▸ **ACTIVITY**:
Find the line containing "1st quarter of the 19th century", then print it and each following line through the end of the records, exactly and with nothing added; leave out any pictures.

Stored data:
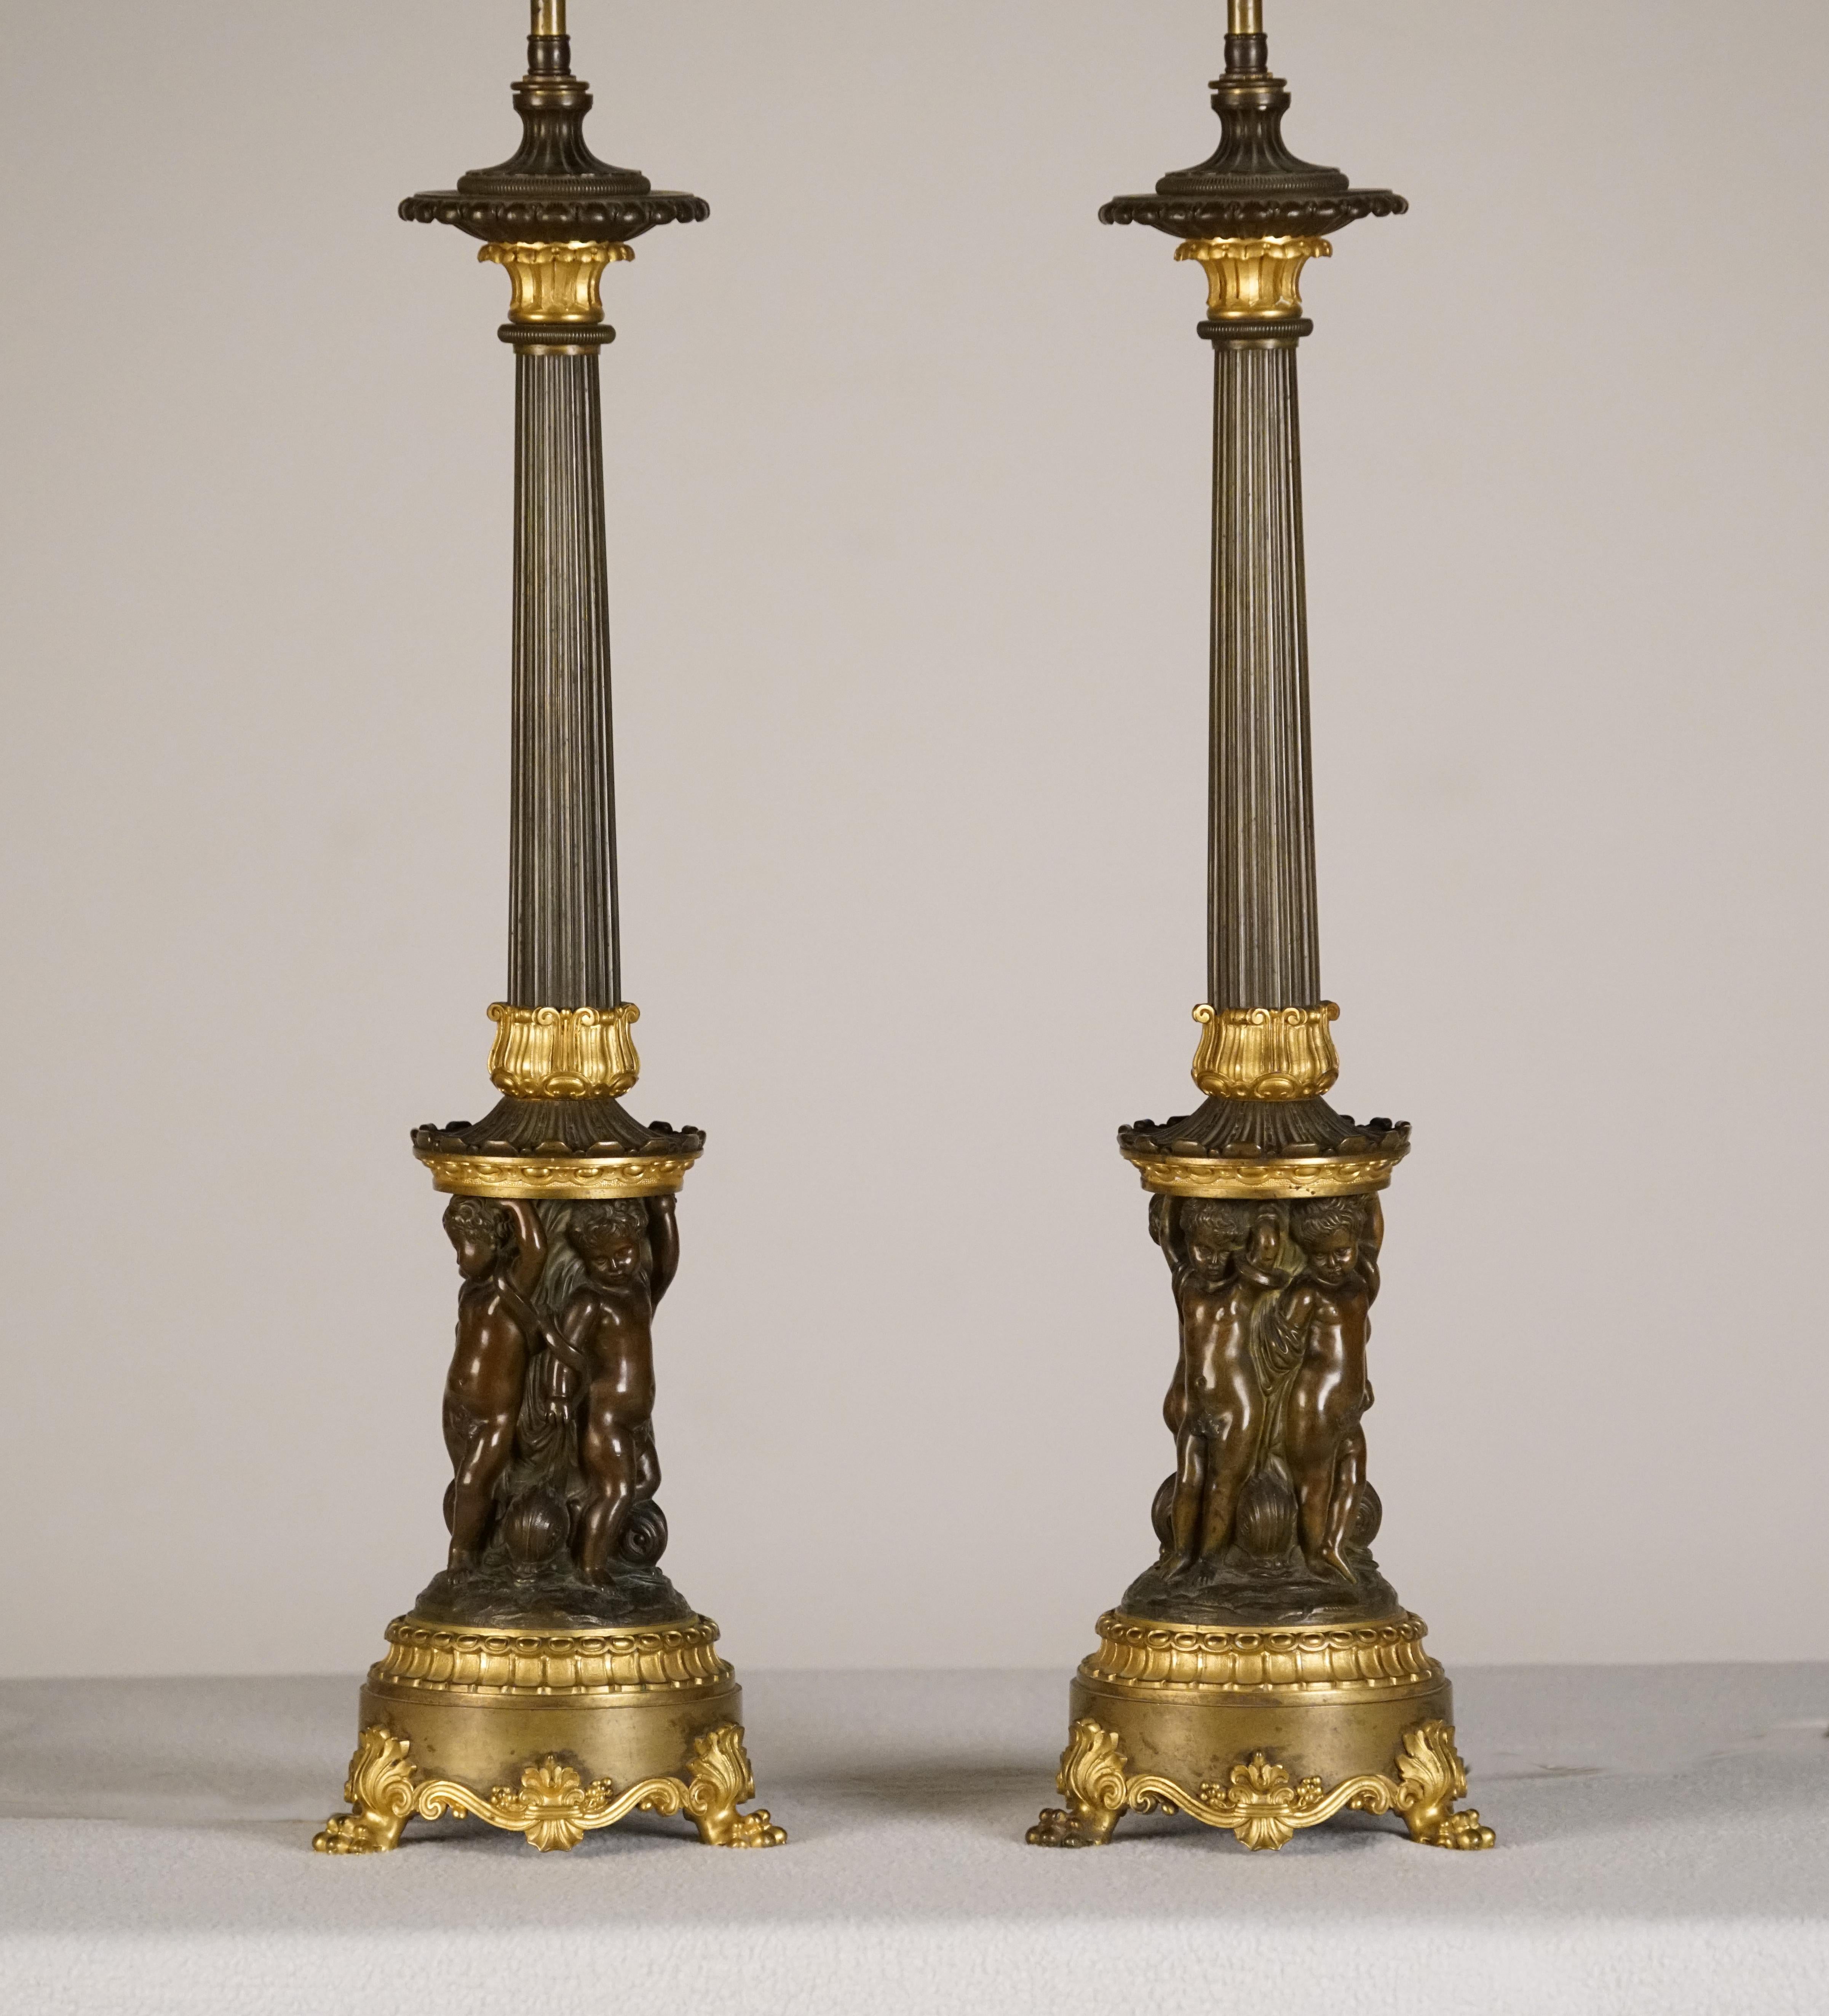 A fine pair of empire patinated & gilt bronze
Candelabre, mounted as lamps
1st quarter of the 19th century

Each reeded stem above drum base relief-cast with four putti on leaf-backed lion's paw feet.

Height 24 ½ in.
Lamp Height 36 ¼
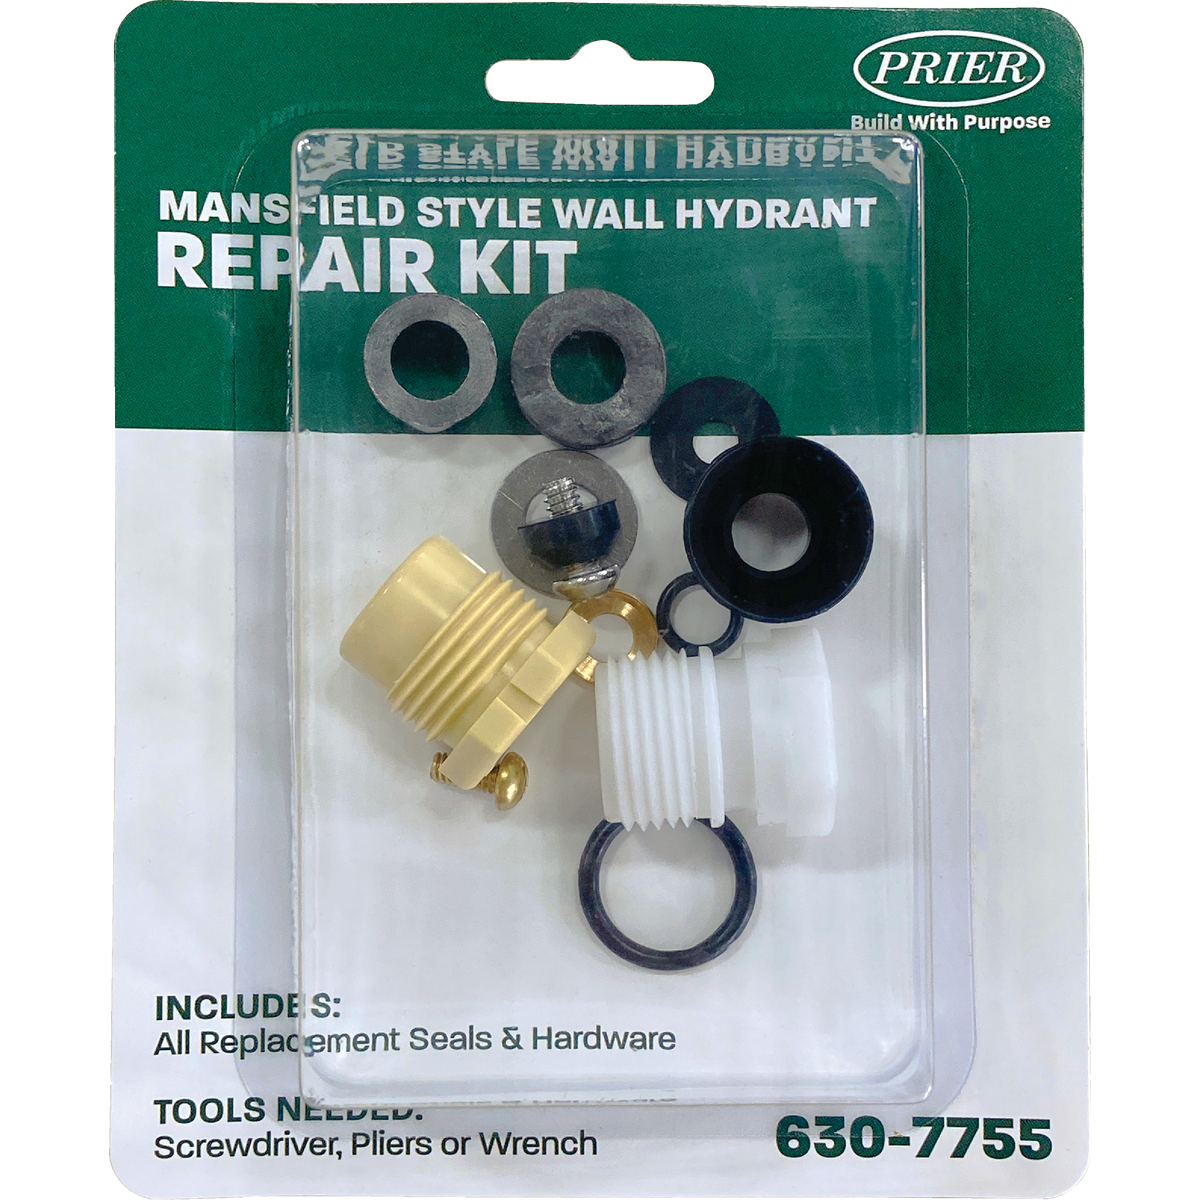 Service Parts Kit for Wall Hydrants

▸ **RESULT**:
1st quarter of the 19th century

Each reeded stem above drum base relief-cast with four putti on leaf-backed lion's paw feet.

Height 24 ½ in.
Lamp Height 36 ¼
 Service Parts Kit for Wall Hydrants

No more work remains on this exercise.